We then characterized the effects of this newly identified mutation in the CYBB gene using clinical samples. We performed RT-PCRs to amplify exon 4 to exon 8 in cDNA created from the neutrophils of the patient, his mother, and a healthy donor (Fig. 5). The RT-PCR products were separated on an agarose gel and directly sequenced, revealing exon skipping of CYBB exon 5 or exons 5 and 6 in the patient, whereas only heterozygous skipping of exon 5 was observed in his mother. These results indicated that the mutation caused CGD due to exon skipping. We then evaluated the effects of the mutation on CYBB splicing events quantitatively using the new dual reporter minigene assay.

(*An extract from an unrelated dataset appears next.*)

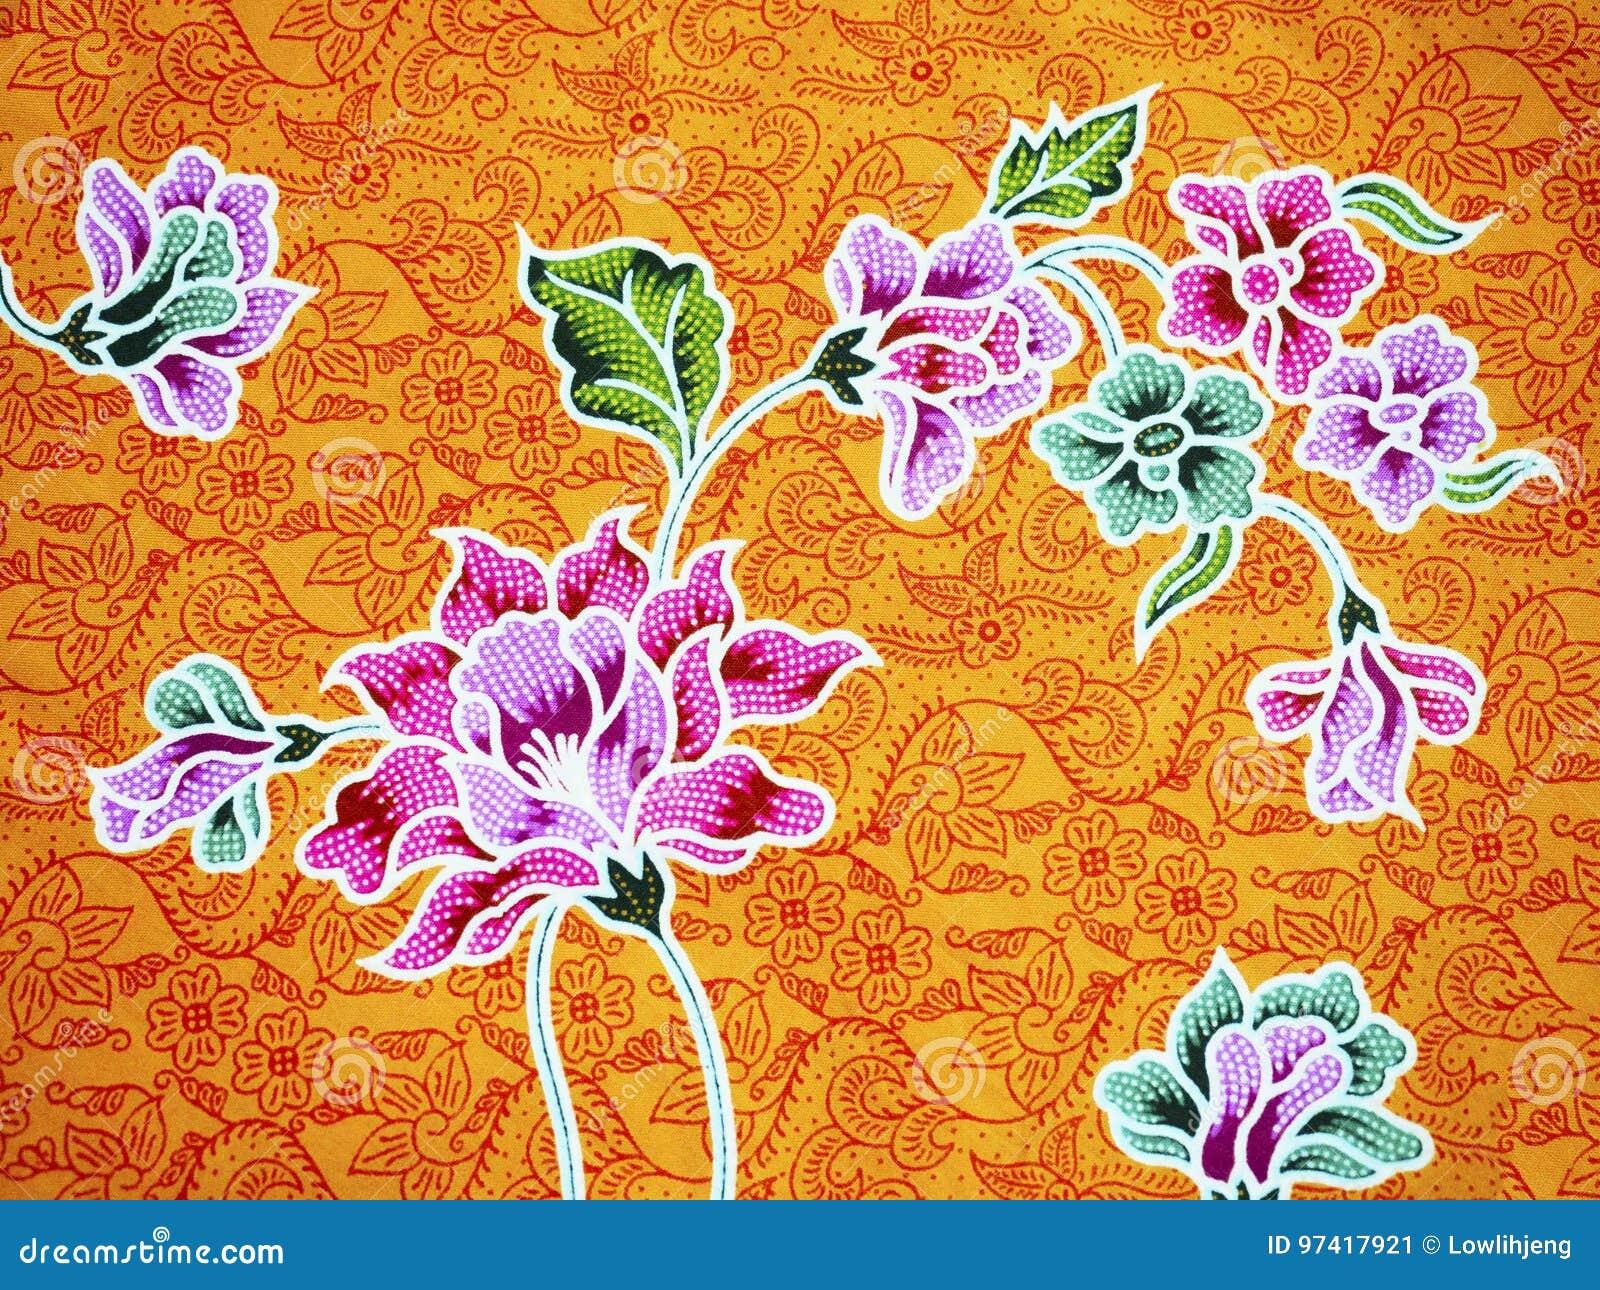 Download Batik stock image. Image of cotton, flora, color, asia - 97417921

Fig. (5). RNA analysis of neutrophils from a patient with CGD, his mother, and a control subject

Single-stranded cDNA was synthesized from neutrophil RNA obtained from the patient, his mother, and a control subject. cDNA was PCR-amplified using a sense primer specific for exon 4 and an antisense primer specific for exon 8 of the CYBB gene. The products were separated on a 3% agarose gel and stained with ethidium bromide. DNA size markers are shown on the left and the numbers on the right indicate differ-ently spliced products. Although some normally splice transcripts were identified, most PCR products amplified from the patient lacked exon 5 or exons 5 and 6. Normally spliced transcripts and transcripts lacking exon 5 were identified in the mother.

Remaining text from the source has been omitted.